┌─ Input

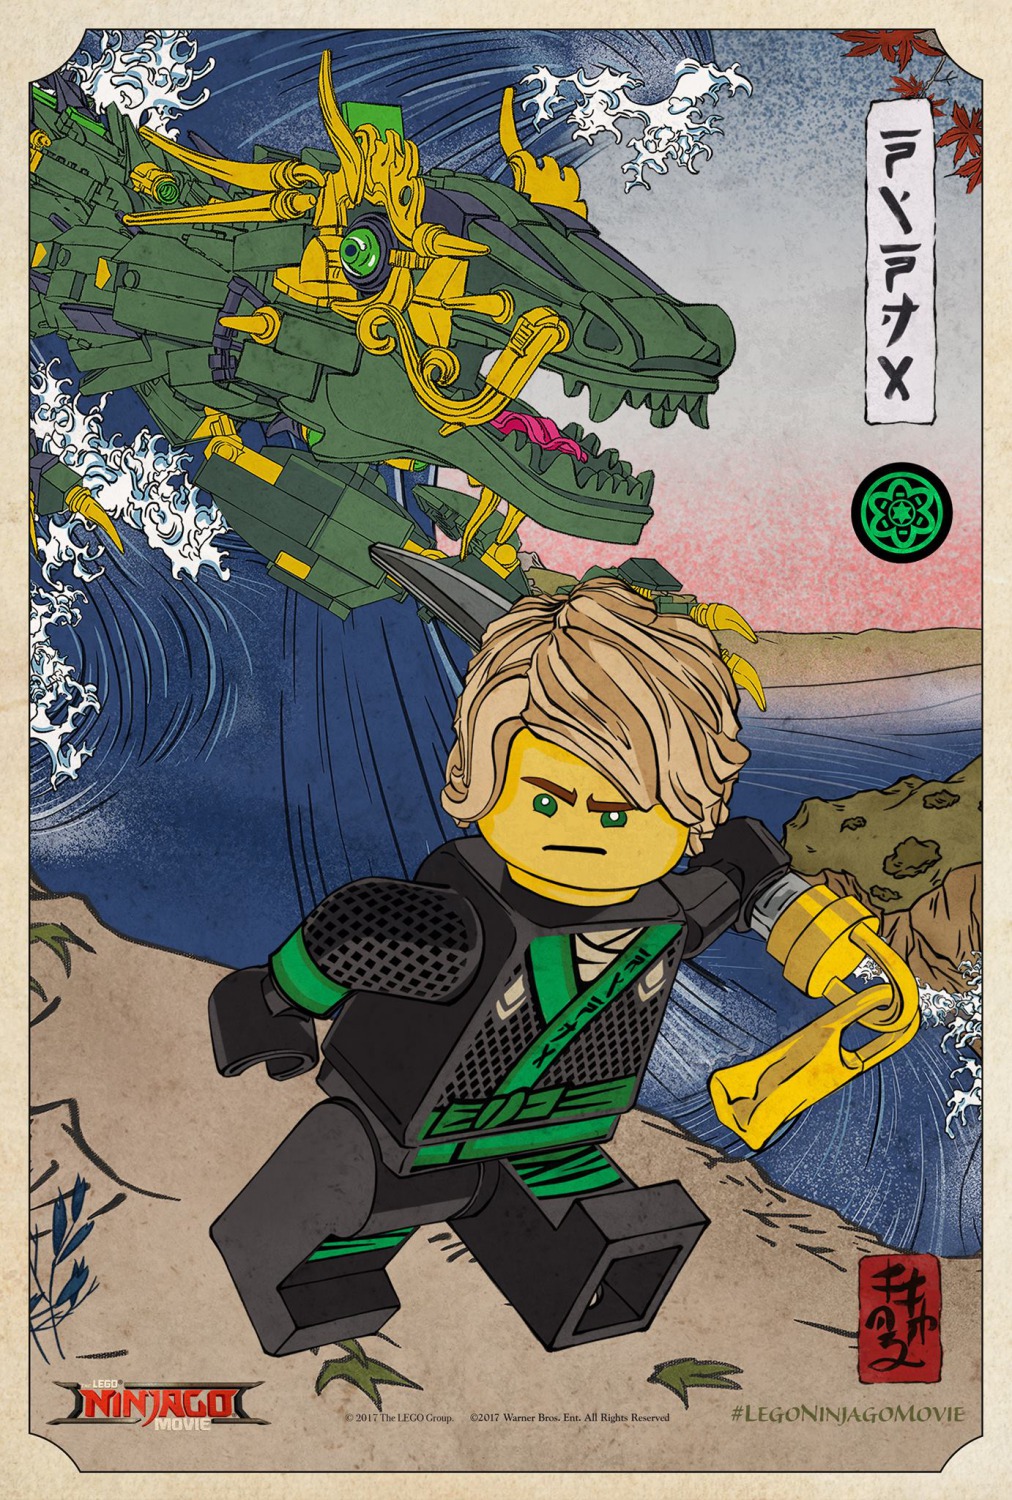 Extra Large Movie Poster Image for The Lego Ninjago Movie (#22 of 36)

└─
┌─ Input

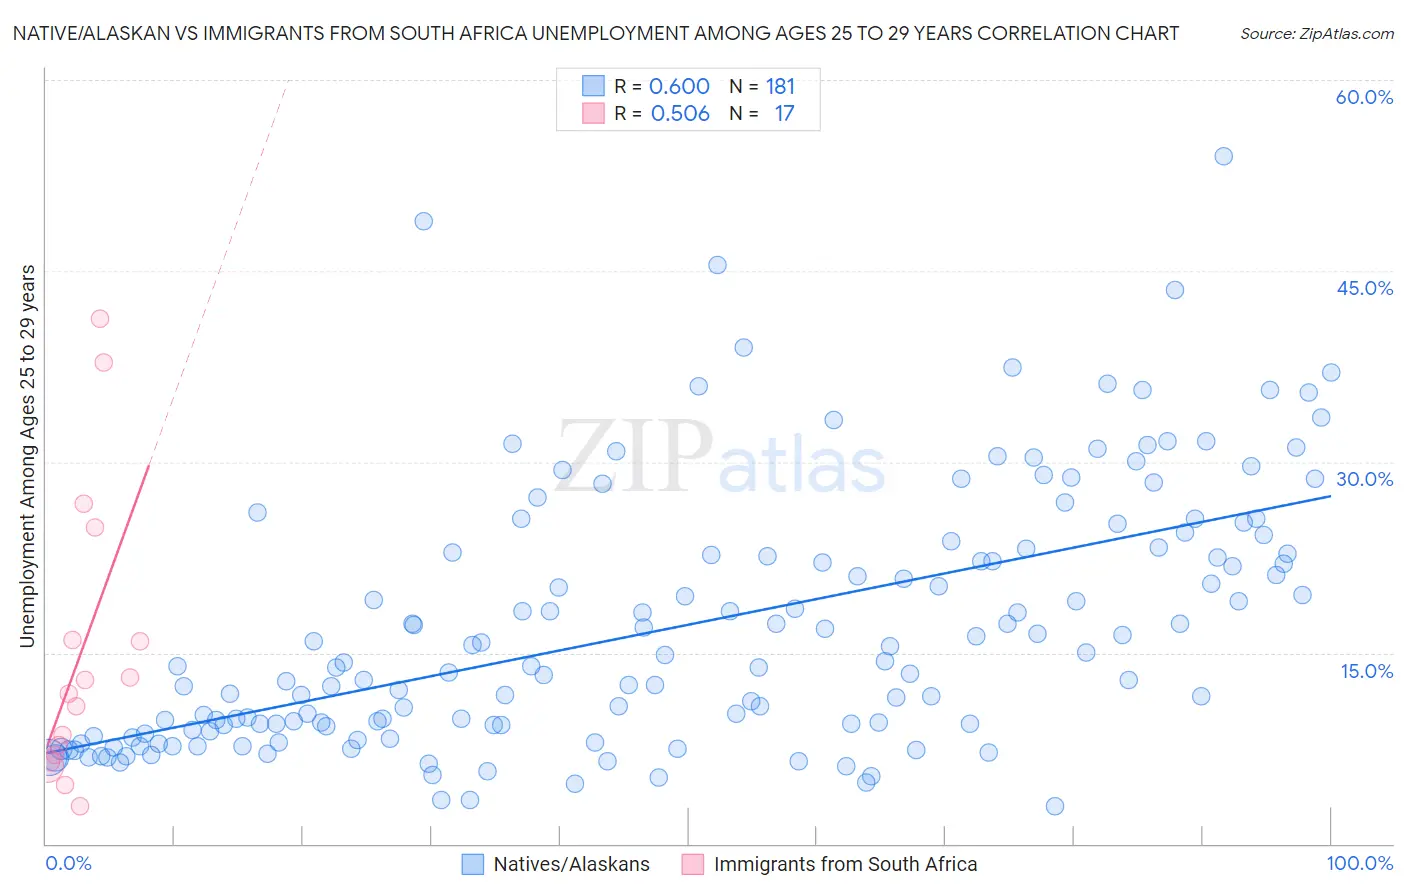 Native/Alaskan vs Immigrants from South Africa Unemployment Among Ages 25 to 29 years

└─
┌─ Input

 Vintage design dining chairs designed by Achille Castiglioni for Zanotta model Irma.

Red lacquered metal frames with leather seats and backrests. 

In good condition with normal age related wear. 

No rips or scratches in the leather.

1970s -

└─

What you have to do
Sift through the material above and copy each line that holds "leather".

Answer to this task
Red lacquered metal frames with leather seats and backrests. 
No rips or scratches in the leather.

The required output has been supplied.